Inside a typical cell, surplus iron is stored by ferritin, a protein that oxidizes Fe(II) to form a Fe(III) mineral inside a nanocage constructed from 24 subunits. The presence of ferritin is associated with the dominance of pennate diatoms such as Pseudonichia multiseries, over centric diatoms that lack ferritin in iron fertilized oceanic blooms. We have determined the crystal structure of P. multiseries ferritin (PmFTN) and have shown that this ferritin is phylogenetically distinct from those found in all other branches of life. Interest in this phenomena stems from the fact that diatoms are unicellular photosynthetic organisms that play a major role in global primary production and carbon sequestration into the deep ocean. Indeed as detailed below the ferroxidase and mineralization sites of PmFTN are unique implying a novel mechanism of iron storage.

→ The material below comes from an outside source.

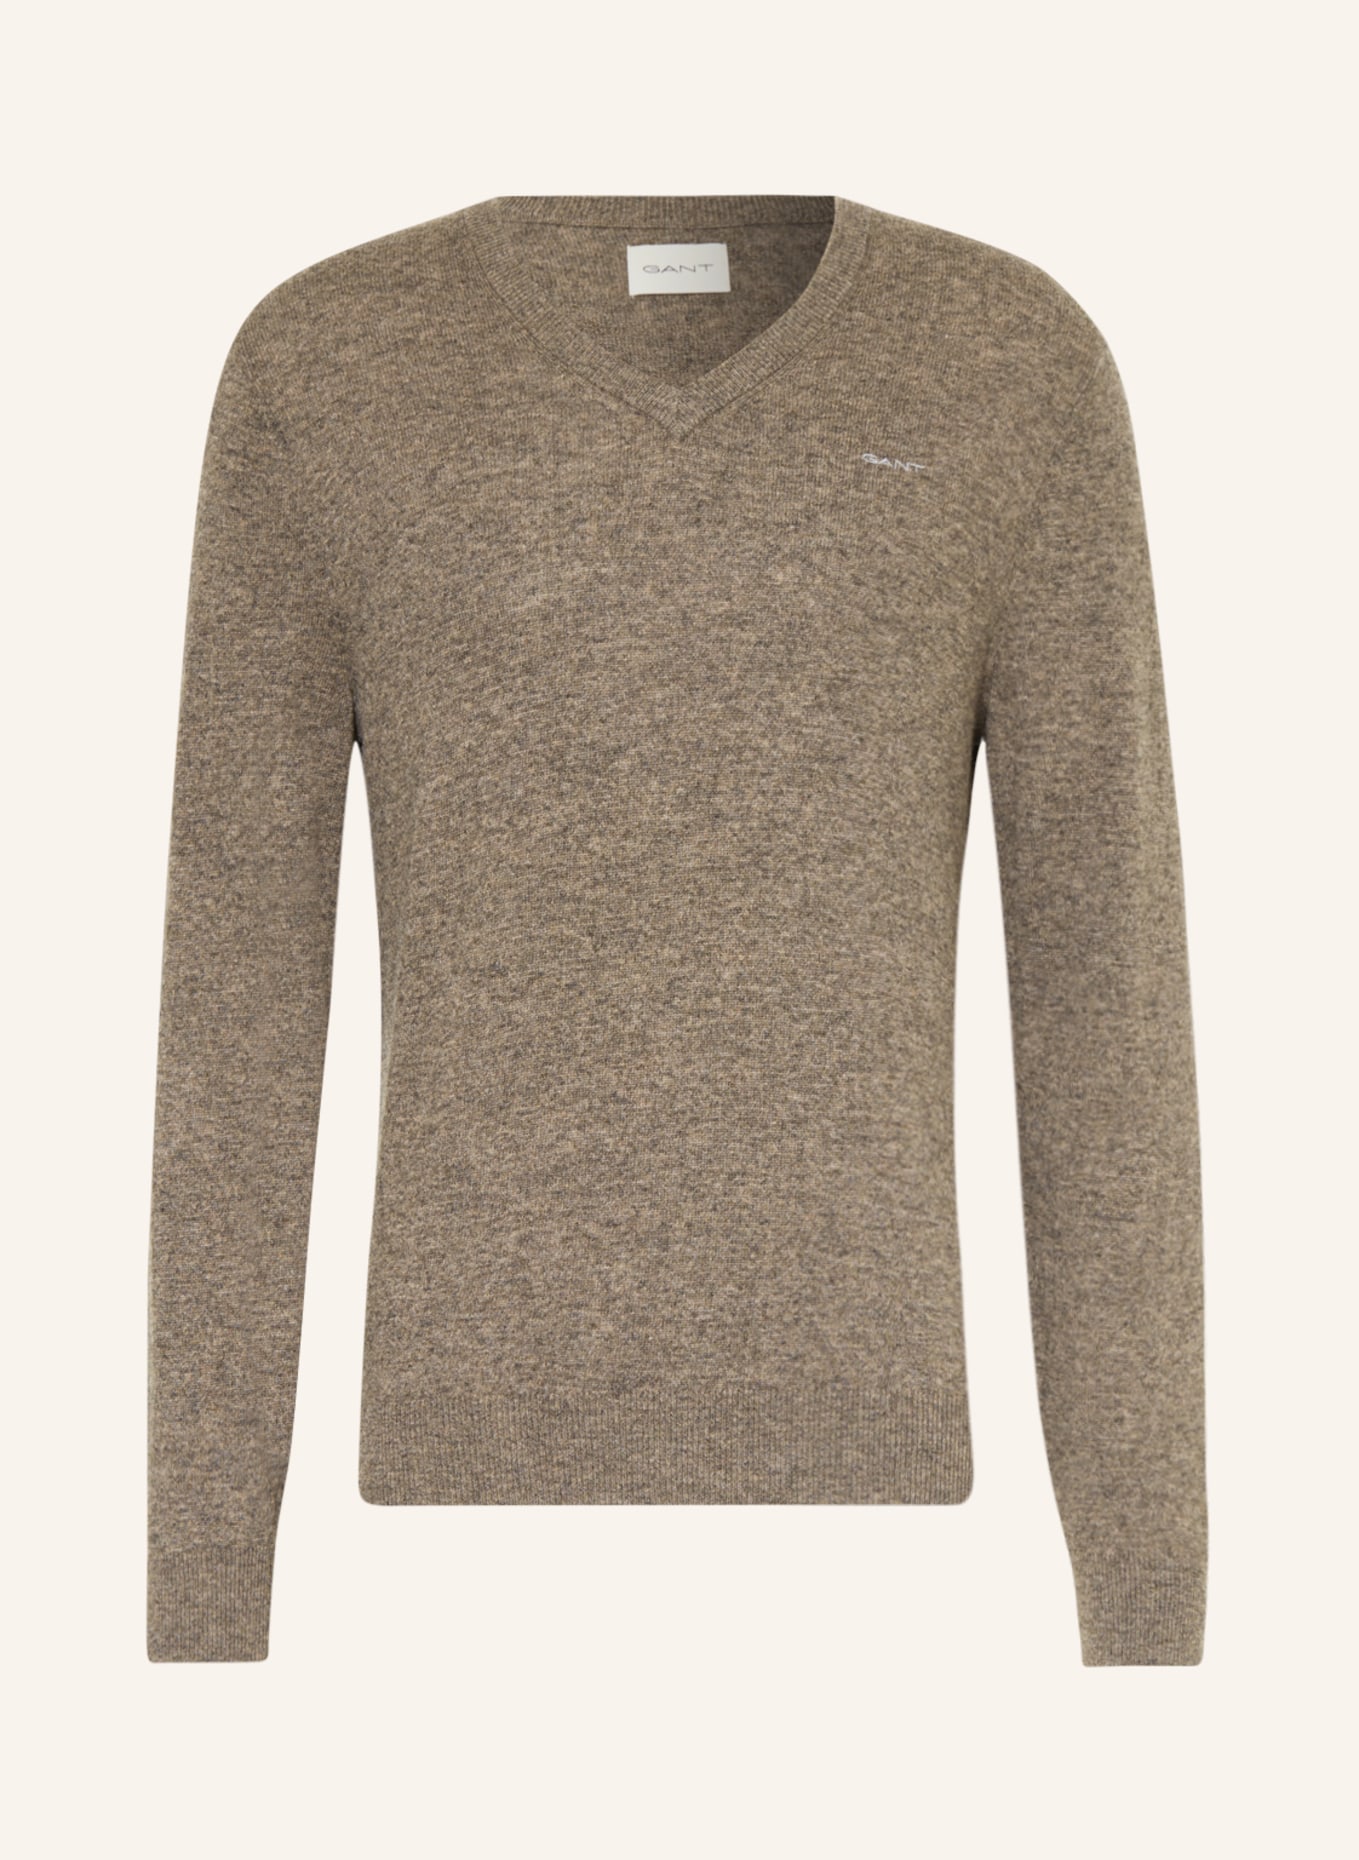 GANT Pullover, Farbe: TAUPE (Bild 1)

Tertiary crystal strucure and ferroxidase site of Pseudo-nitzschia multiseries ferritin. a, b, Crystal structure of the recombinant P. multiseries ferritin: a, multimer (24mer); b, monomer. Iron atom (pink) positions are according to the crystal structure. c, Ferroxidase site A is occupied by a water molecule (grey sphere). One iron atom (pink sphere) occupies site B at full occupancy. A difference anomalous dispersion map around the iron atoms is contoured at 3σ.